* Available records
⁂

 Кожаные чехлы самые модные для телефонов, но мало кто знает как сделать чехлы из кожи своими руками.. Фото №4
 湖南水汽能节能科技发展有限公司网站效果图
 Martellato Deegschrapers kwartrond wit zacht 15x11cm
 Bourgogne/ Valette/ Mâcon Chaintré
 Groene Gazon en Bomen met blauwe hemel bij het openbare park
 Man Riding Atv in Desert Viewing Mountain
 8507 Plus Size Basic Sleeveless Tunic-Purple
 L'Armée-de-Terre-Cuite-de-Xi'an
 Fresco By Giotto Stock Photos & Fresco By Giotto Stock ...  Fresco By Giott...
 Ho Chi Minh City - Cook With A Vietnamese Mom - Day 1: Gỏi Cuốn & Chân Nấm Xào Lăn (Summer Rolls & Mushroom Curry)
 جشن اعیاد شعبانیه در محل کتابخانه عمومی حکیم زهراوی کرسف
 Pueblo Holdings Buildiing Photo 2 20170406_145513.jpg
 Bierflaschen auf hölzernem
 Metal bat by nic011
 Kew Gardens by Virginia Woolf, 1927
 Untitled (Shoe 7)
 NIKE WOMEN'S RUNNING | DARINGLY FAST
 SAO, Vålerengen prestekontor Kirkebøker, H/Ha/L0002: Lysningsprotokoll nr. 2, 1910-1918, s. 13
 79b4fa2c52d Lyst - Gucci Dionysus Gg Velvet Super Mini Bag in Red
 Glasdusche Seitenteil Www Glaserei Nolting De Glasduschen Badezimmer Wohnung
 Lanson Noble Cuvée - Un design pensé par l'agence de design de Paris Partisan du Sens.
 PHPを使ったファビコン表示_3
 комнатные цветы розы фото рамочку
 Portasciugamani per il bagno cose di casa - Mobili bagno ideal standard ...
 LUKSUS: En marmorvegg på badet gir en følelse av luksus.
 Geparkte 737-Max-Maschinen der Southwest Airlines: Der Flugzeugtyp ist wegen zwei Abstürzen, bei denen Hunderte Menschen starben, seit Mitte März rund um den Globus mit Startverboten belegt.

⁂

* Your goal
At the line containing "Portasciugamani per il", start transcribing exactly, and continue through the last line of the listing. Stop there and add nothing.

* Answer box
 Portasciugamani per il bagno cose di casa - Mobili bagno ideal standard ...
 LUKSUS: En marmorvegg på badet gir en følelse av luksus.
 Geparkte 737-Max-Maschinen der Southwest Airlines: Der Flugzeugtyp ist wegen zwei Abstürzen, bei denen Hunderte Menschen starben, seit Mitte März rund um den Globus mit Startverboten belegt.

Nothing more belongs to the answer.